= OMA (time signal) =

Time signal radio station in Czech Republic

OMA was the callsign of a Czech time signal station. The station was operated by the Astronomical Institute of Prague and the transmitters were located at RKS Liblice 1.

The station transmitted in the LF band on 50 kHz with a power of 7 kW and in the HF band on 2500 kHz with 1 kW. A reserve LF transmitter was located at Poděbrady.

OMA, which could be also used for synchronizing radio controlled clocks, was shut down in 1995.

OMA time signal transmitter was used to synchronize radio clock. The transmit time protocol was changed multiple times. Periodic service maintenance outages lasted for days. The decoding was done in discrete hardware. Commercial use of OMA time signal was limited by absence of highly integrated receiver and decoding chip.

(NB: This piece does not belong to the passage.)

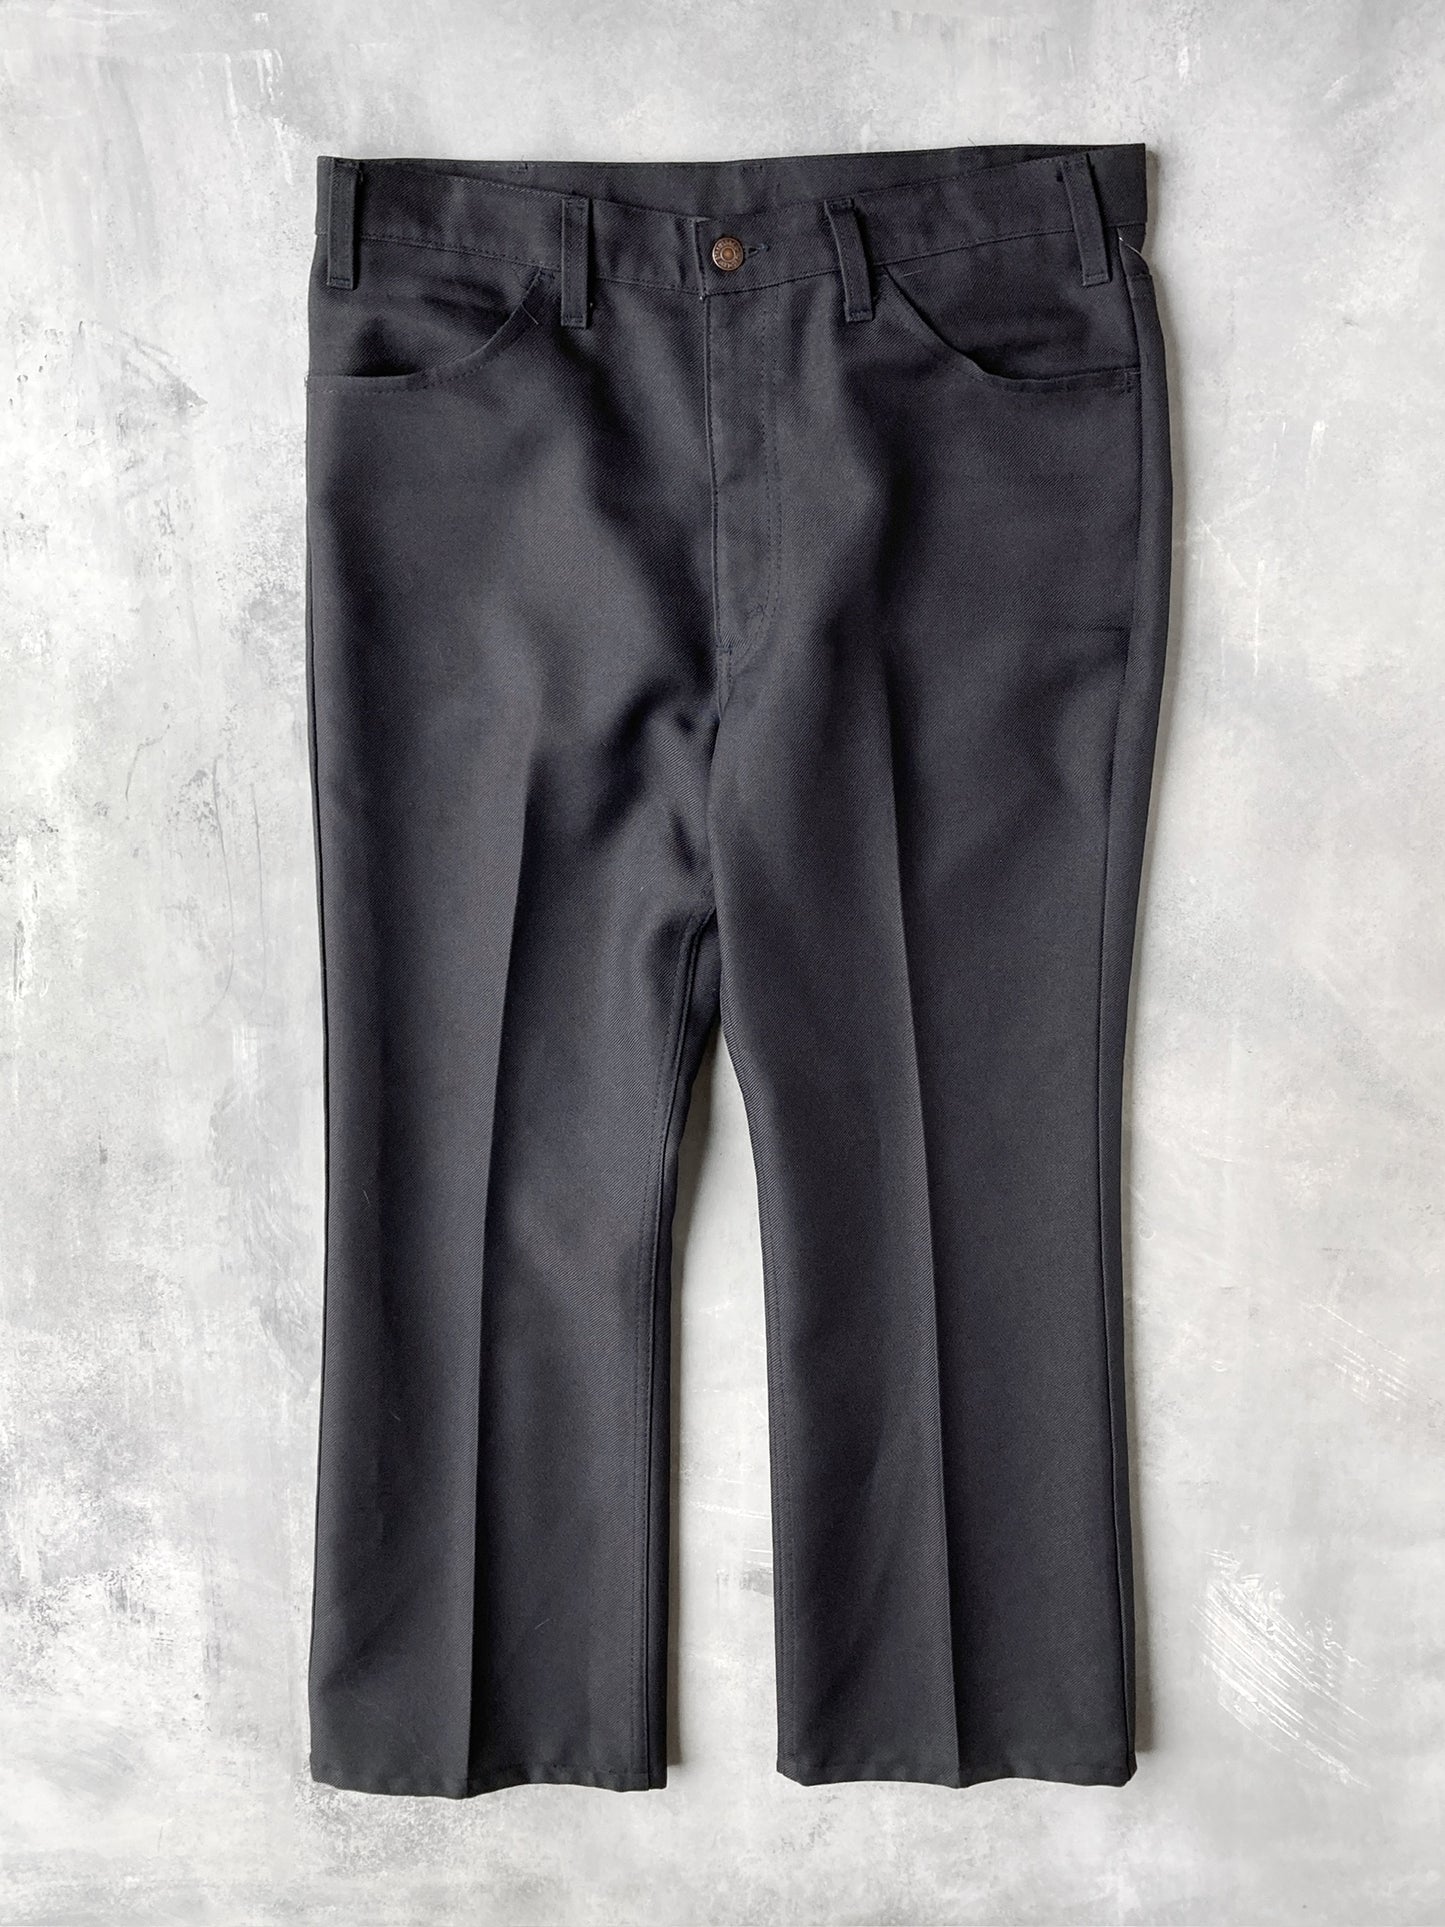 Levi's Polyester Twill Pants 70's - 35 x 28

OMA was synchronized by Cesium Reference clock run by CSAV Czech Academy of Sciences, Kobylisy, Prague. Limited series of secondary 5MHz references with thermostat were manufactured by the institute. The secondary reference employed single transistor crystal oscillator with XF filter. The institute was under keen eye of communist party, dictating the R&D direction. They had there their devoted people. TV broadcasting and high reliability services were synchronized from the Cesium Reference. Today (2020) there are calls to resurrect the transmitter for resilience case. Performance of WWV beacon confirms the importance.